Ao fim, o livro retoma a assertividade do seu início, muito tarde para se salvar aos meus olhos. É curioso ainda que a autora deixe escapar na reta final do livro que sai de casa muitas vezes antes das 6h da manhã e volte depois das 23h. No livro, ela não parece incomodada com isso, mas não deixa de ser irônico este comentário após tantas passagens criticando o excesso de trabalho.

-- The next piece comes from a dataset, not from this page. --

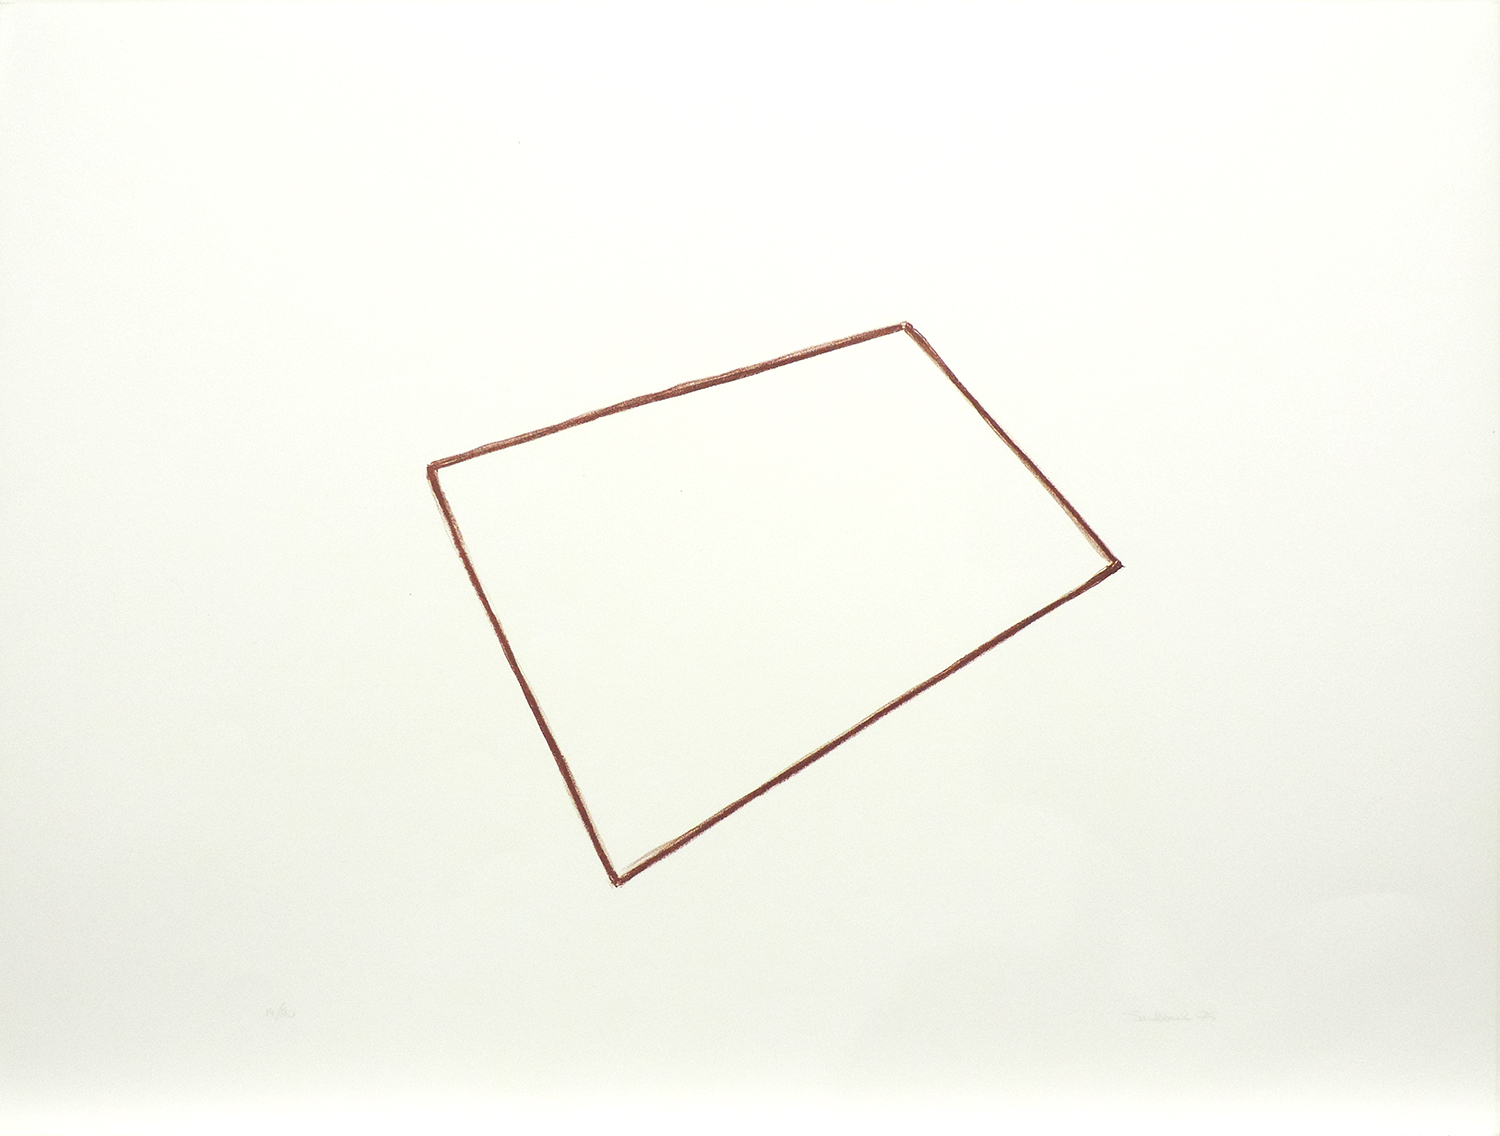 Untitled｜lithograph on handmade paper with cut edge｜48.6 x 64 cm｜1975

Dessa forma, não recomendaria esse livro a qualquer pessoa que já tenha discutido sobre a morte ou parado para pensar sobre ela. Dificilmente lerá algo novo nessas páginas e encontrará muito pouco sobre cuidados paliativos. Válido talvez pelas grandes citações sobre a morte distribuídas pelo livro, das quais cito a seguir as minhas preferidas:
"Não tenho medo da morte
mas medo de morrer, sim
a morte é depois de mim
mas quem vai morrer sou eu
o derradeiro ato meu
e eu terei de estar presente
assim como um presidente
dando posse ao sucessor
terei que morrer vivendo
sabendo que já me vou"
- Gilberto Gil (página 59)
"Seja como espectadores, seja como protagonistas, a morte é um espaço onde as palavras não chegam."
- Rilke (página 63)
"Qual é a coisa mais assombrosa do mundo, Yudhisthira? E Yudhisthira respondeu, 'A coisa mais assombrosa do mundo é que ao redor de nós as pessoas podem estar morrendo e não percebemos que isso pode acontecer conosco'."